Aunque usualmente la mayor parte de su cuerpo estaba cubierto por una capa extensa de
mugre, sus manos siempre permanecían limpias, ahora que lo recuerdo, era un fenómeno
extraño, todos le compraban arepas, las mejores del barrio, recuerdo que mi mamá me
mandaba con un trapo y dos bolívares, eran dos arepas que le podía comprar a Petra por esa
cantidad, o eso pensaba mi mama, a los niños siempre nos dejaba las arepas a la mitad para
que con el cambio compráramos caramelos y esas cosas.

-Petra deme dos arepas.


-¿Trajo bolsa carajito? gritaba desde adentro
-Sí. Mientras se asomaba por la rendija de la puerta y yo le alcanzaba la plata. Sacaba un
trapo blanquito donde las envolvía y las echaba en la bolsa

Ella vivía sola y de vez en cuando una señora le visitaba, una señora mayor, que siempre
tenía cara de estar triste y enojada, era tenebrosa, luego de su visita Petra se mostraba
limpia en las calles del barrio y salía según ella a buscar un hombre que valiera la pena.
Hasta que se encontraba con los hijos de los Gabino, que les gritaban:
-Petraaa, Petraaa. Mientras aplaudían. A Petra le molestaba mucho eso.
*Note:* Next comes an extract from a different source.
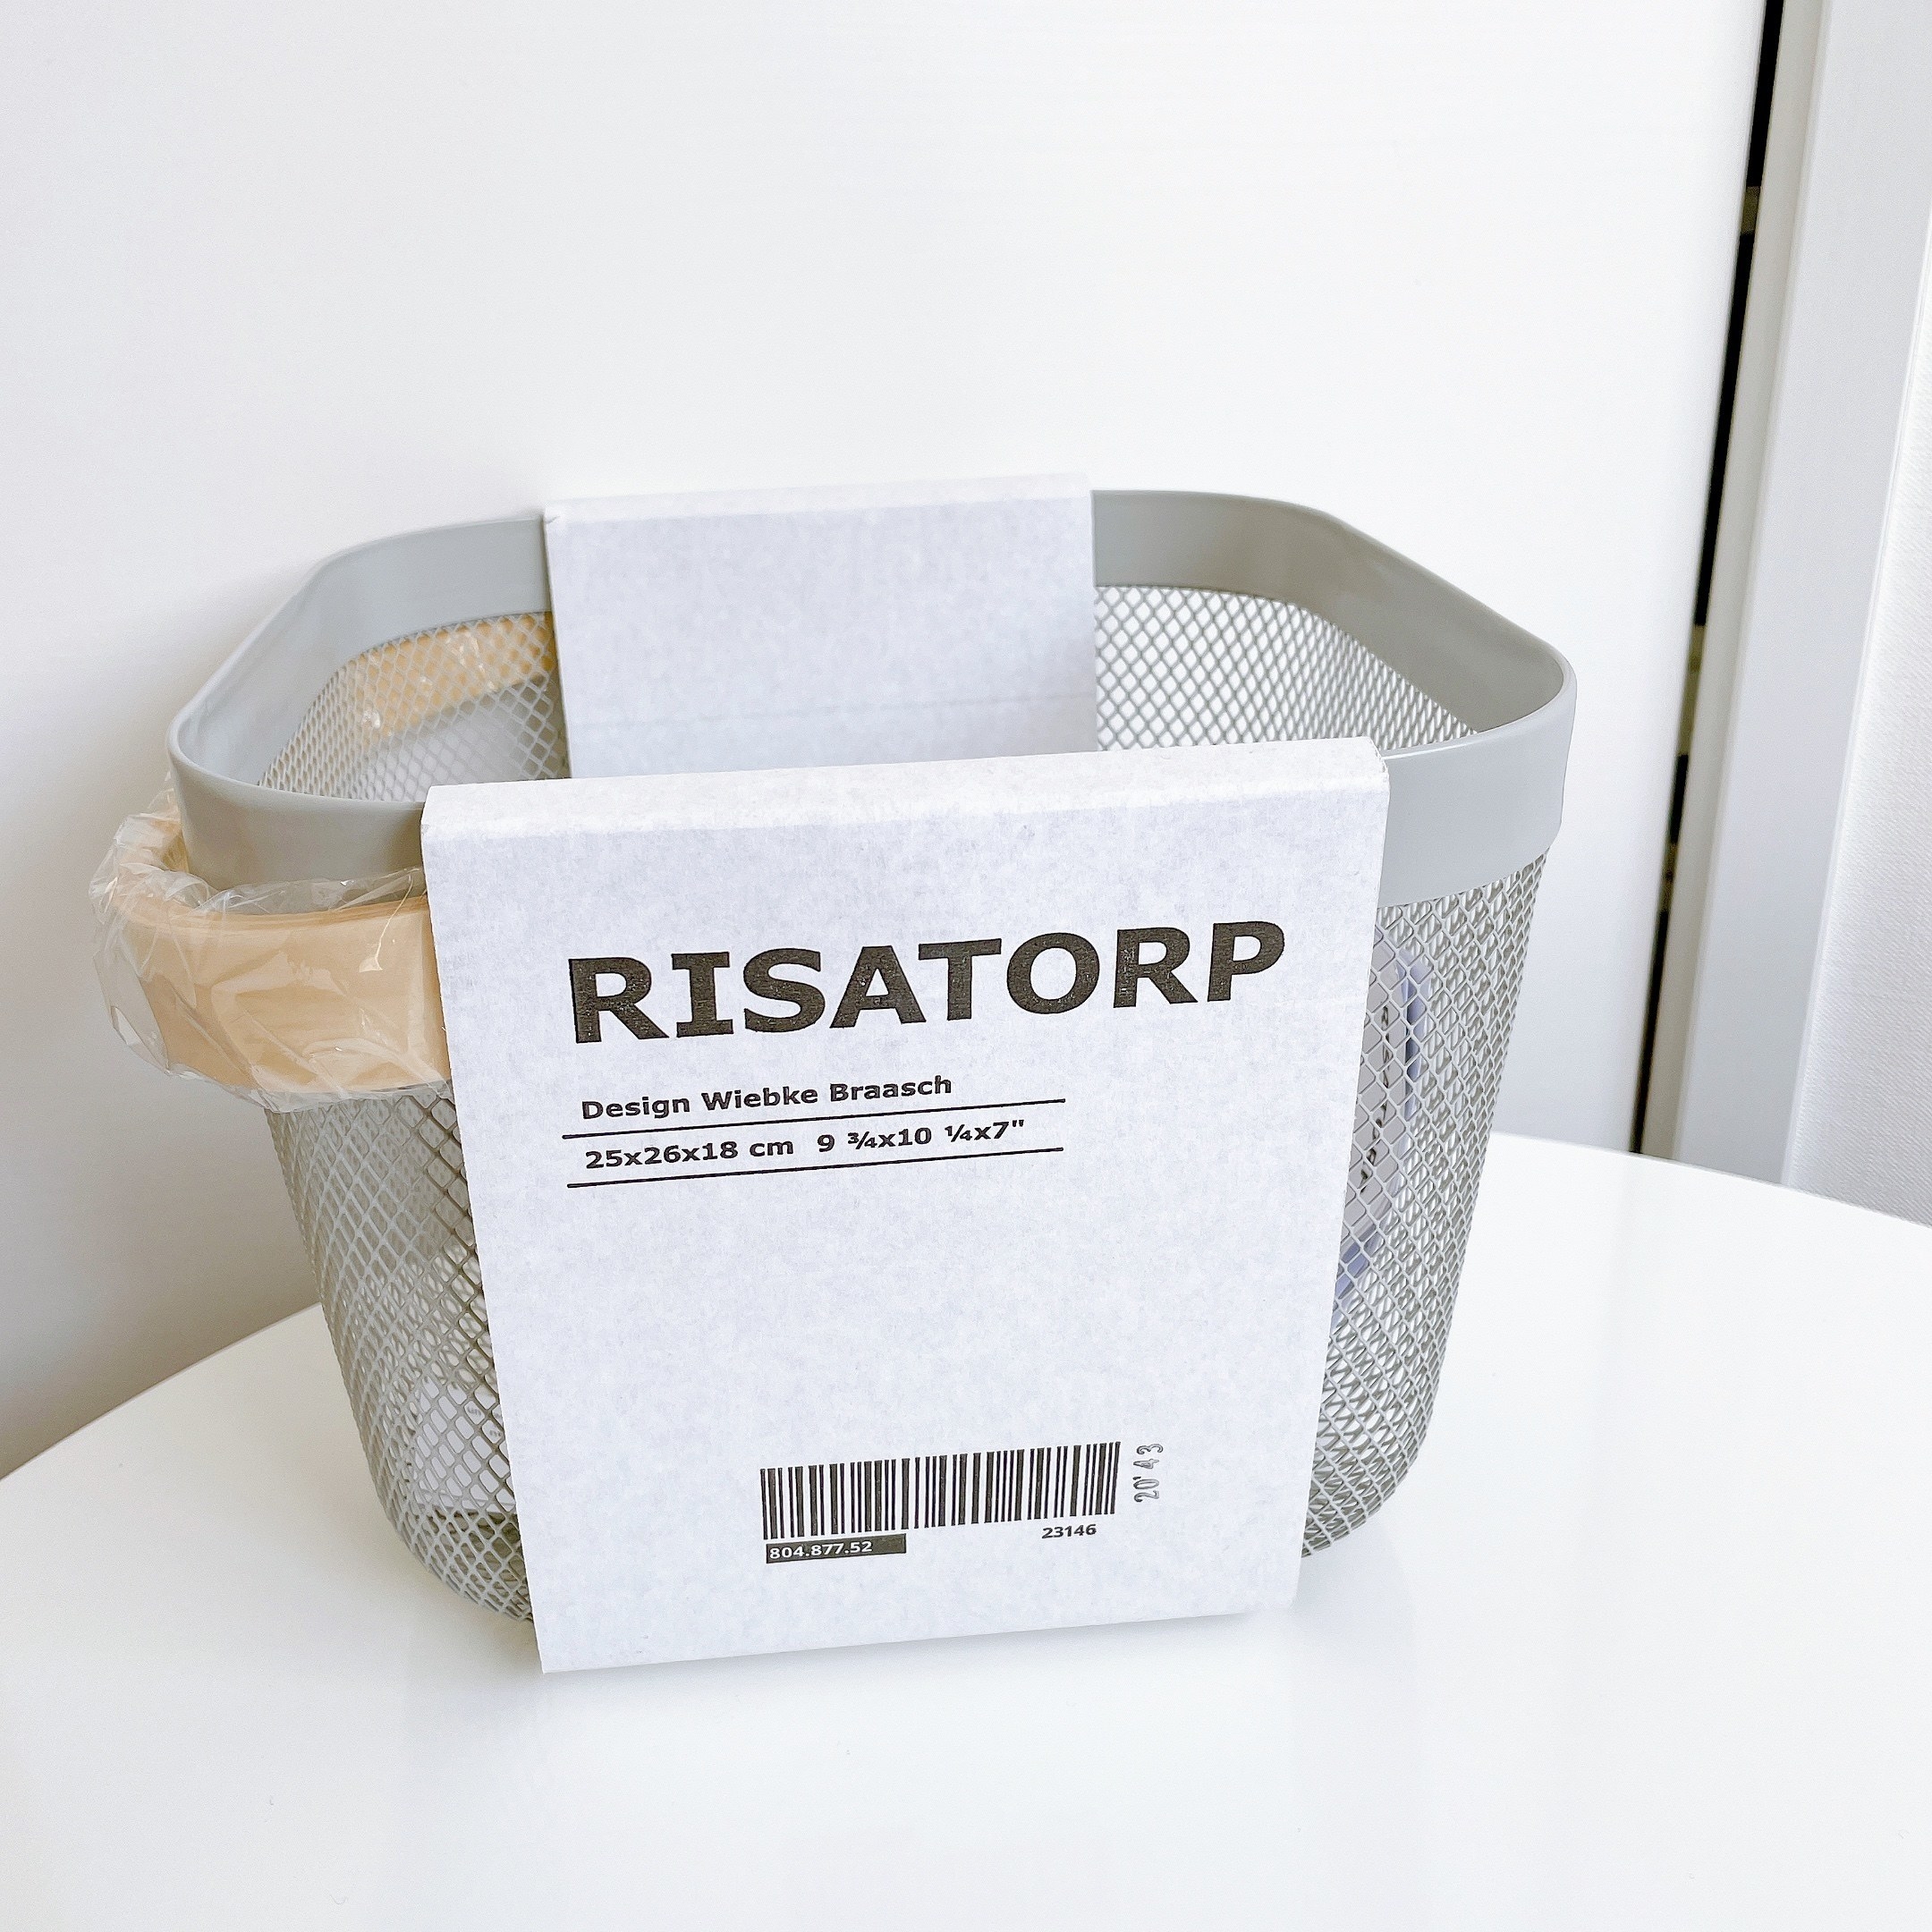 IKEA（イケア）のおすすめ収納グッズ 「RISATORP リーサトルプ バスケット」

Esa era mi parte favorita, Petra les decía todas las groserías del mundo, y los carajitos salían
corriendo, eso lo veía yo por la ventana, mi Papá nos prohibía salir a la calle a jugar con los
otros niños del barrio.

Petra pasaba la mayor parte del tiempo sola, unos dicen que se puso loca después que el
esposo la dejó y años después un hijo se le murió quien sabe por qué.

En las noches, se escuchaba gritos de gente que se quejaba desde la casa, casi todos los
días, en un principio los vecinos llamaban a la policía, pero cuando entraban en la casa solo
se encontraban con Petra durmiendo en un colchón en el piso, con los trece gatos que tenía.
Después de eso, la calle se acostumbró a los gritos que provenían de la casa, y todo siguió
igual.

Tiempo después escuché hablando a mi mamá con la señora tenebrosa, la que le visitaba,
que Petra tenía infectadas las heridas y salían gusanos enormes de estas. Hasta que un día la
señora la encontró tirada en el pisó, cuando vio esto, le empezó a gritar para que se
despertará pero Petra no respondía, ¡Petraaaaaa! ¡Petraaaaaaa!, le dio una patada en la
cabeza, pero no respondió. Petra se había muerto, ese mismo día la velaron y todos los
vecinos pasearon su tumba por las calles de tierra del barrio.

Nunca entendí porque todos les compraban sus arepas.